Copy the listing below letter for letter, passing over each picture.

COLLECTED DATA:
▬▬▬

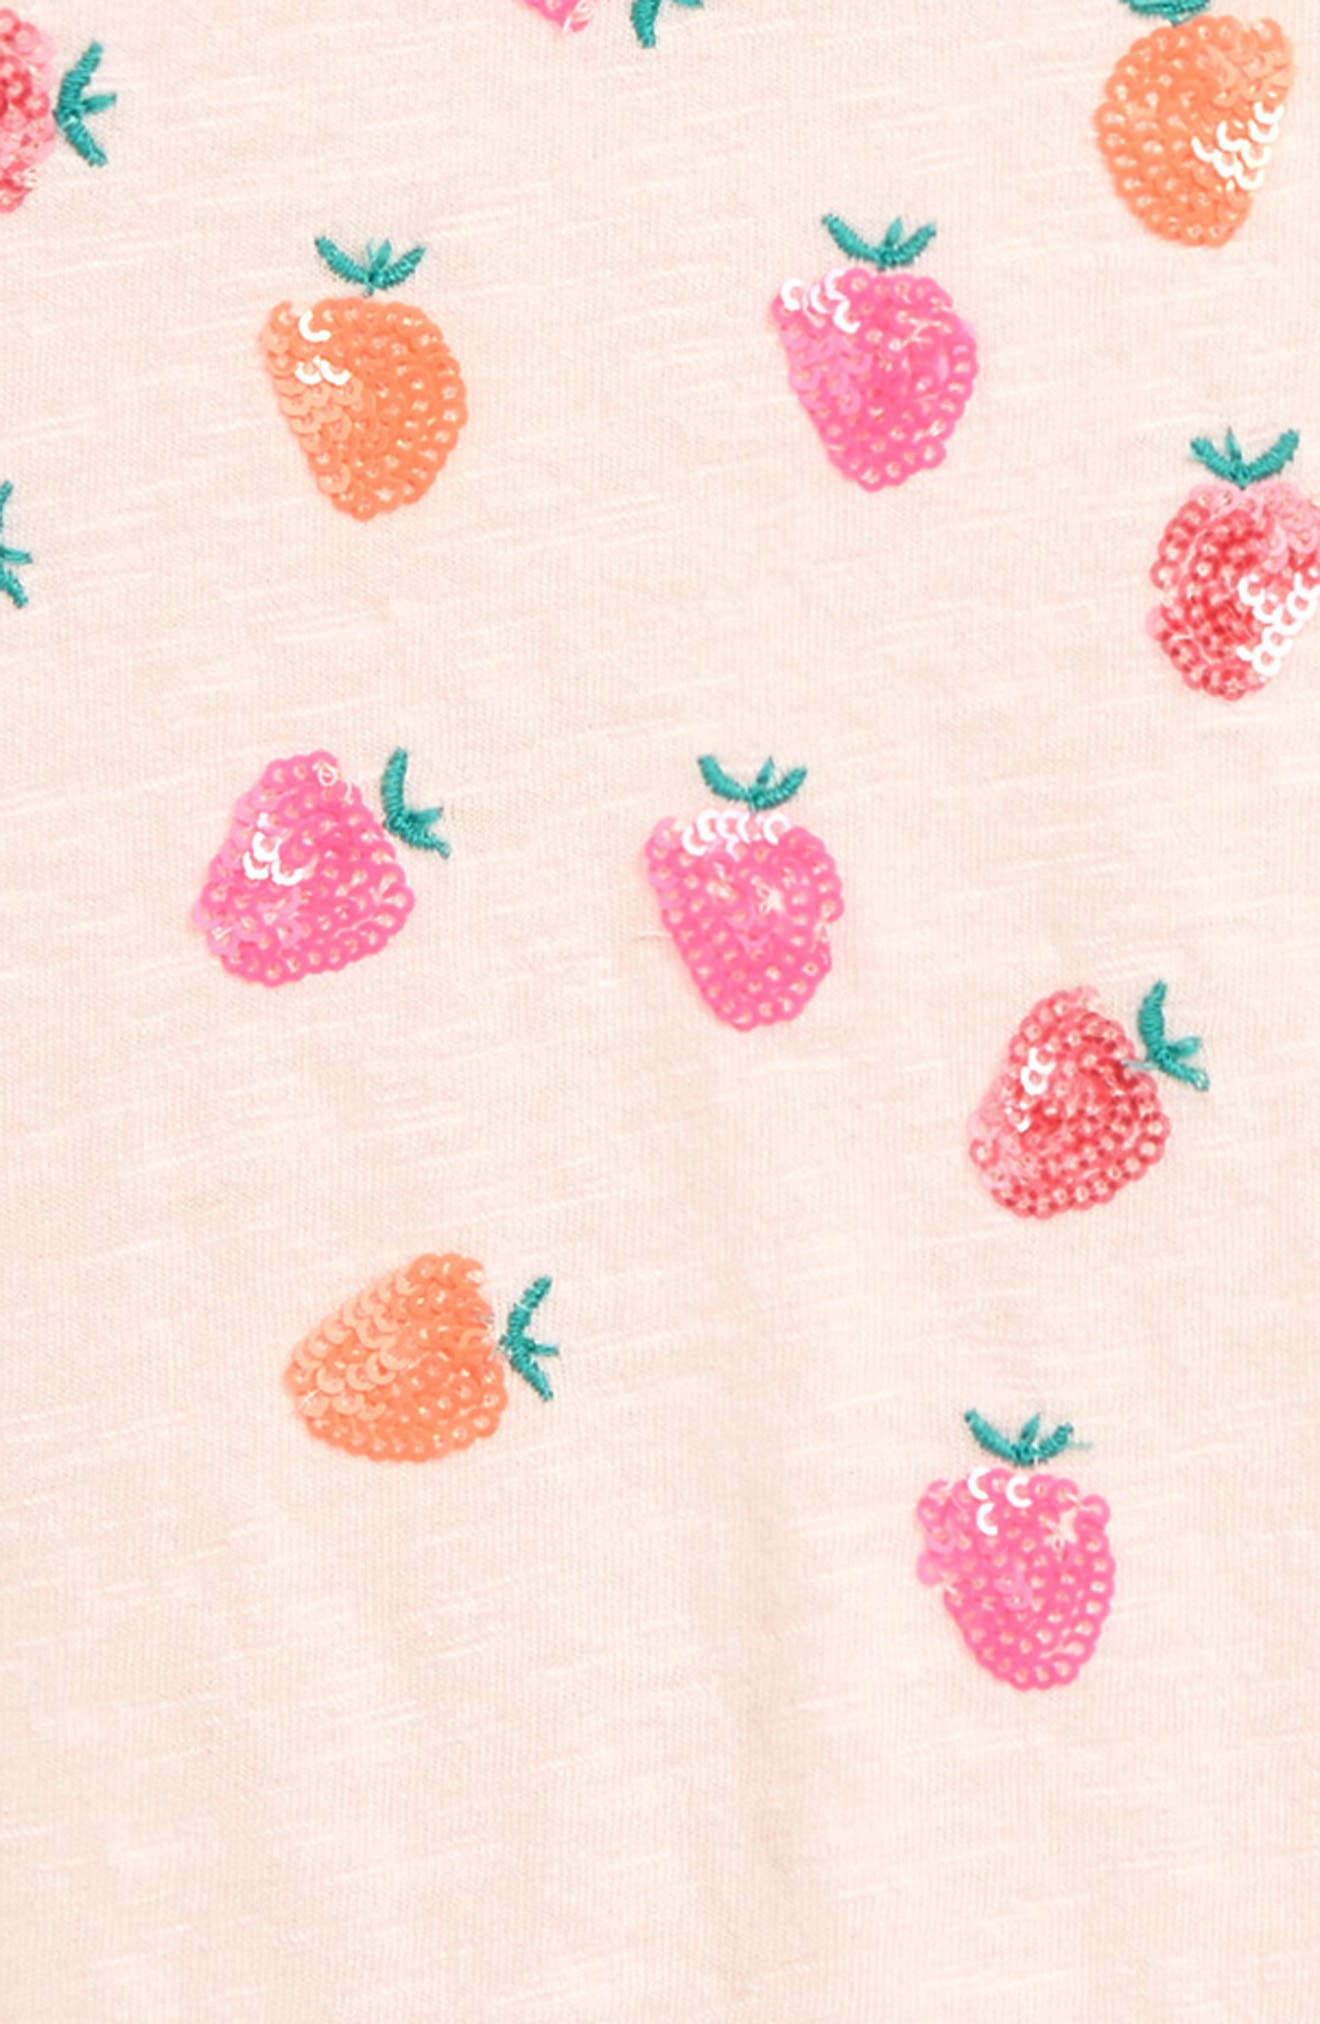 MINI BODEN, Boden Scattered Sequin Star Tee, Alternate thumbnail 2, color, PNK PARISIAN PINK STRAWBERRIES
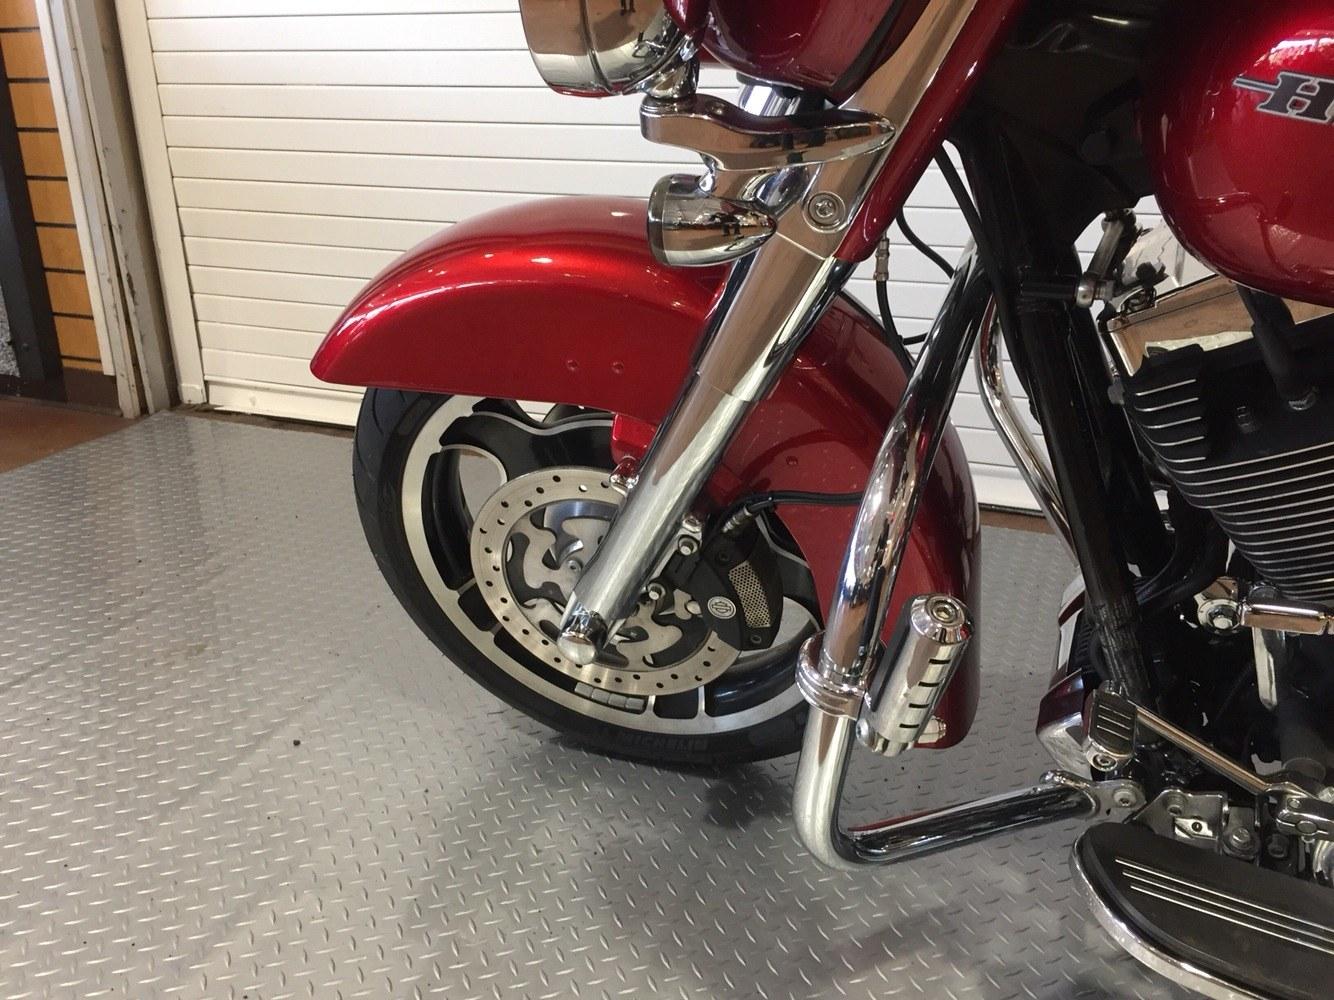 2013 Harley-Davidson Street Glide® in Massapequa, New York
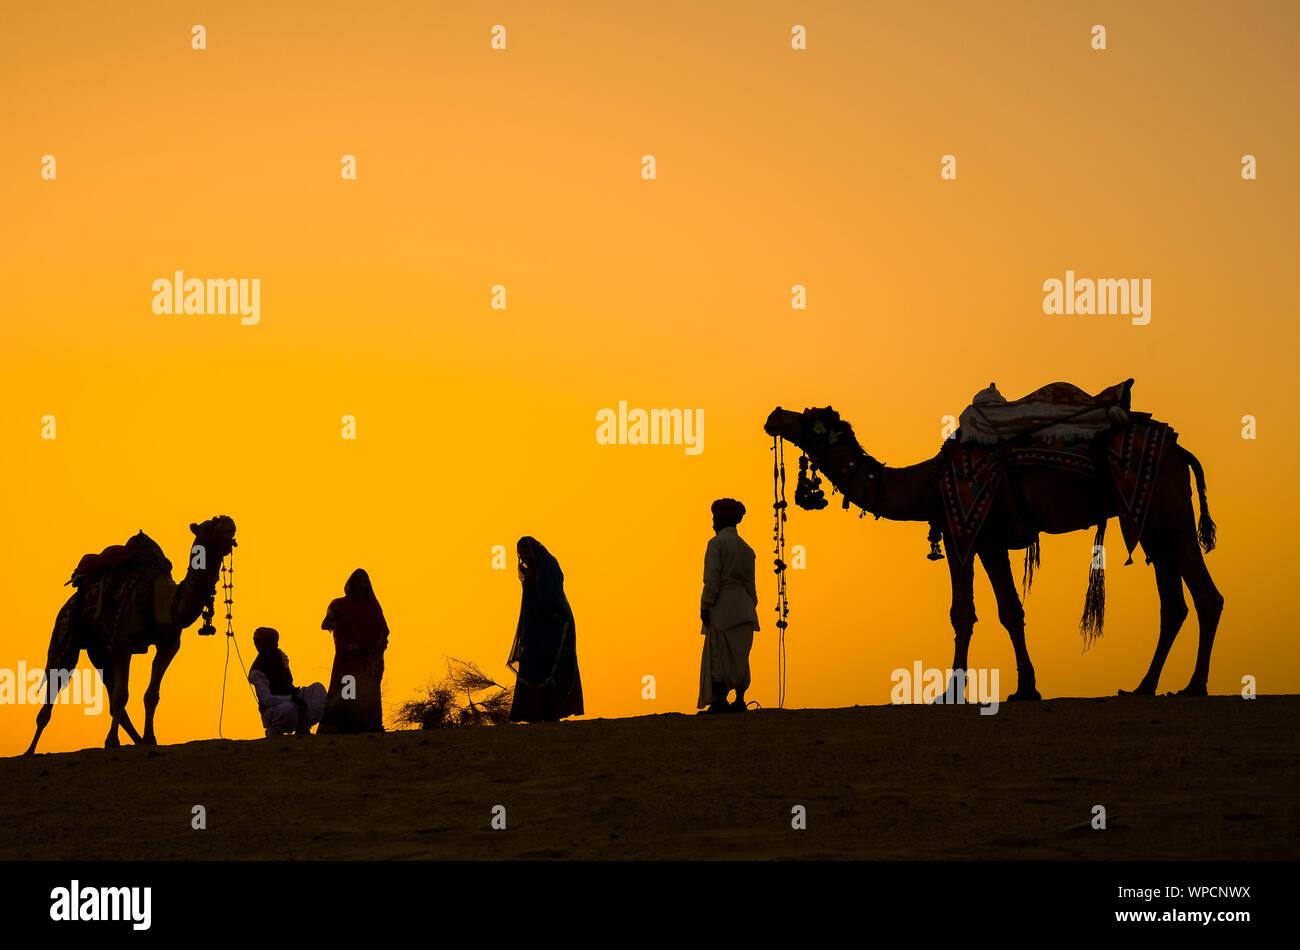 Jaisalmer, Rajasthan, India - abril 18th, 2018: indian cameleers (conductores de camello) con siluetas de camellos en las dunas del desierto de Thar en Sunset. Foto de stock

▬▬▬

WRITTEN RESPONSE:
 MINI BODEN, Boden Scattered Sequin Star Tee, Alternate thumbnail 2, color, PNK PARISIAN PINK STRAWBERRIES
 2013 Harley-Davidson Street Glide® in Massapequa, New York
 Jaisalmer, Rajasthan, India - abril 18th, 2018: indian cameleers (conductores de camello) con siluetas de camellos en las dunas del desierto de Thar en Sunset. Foto de stock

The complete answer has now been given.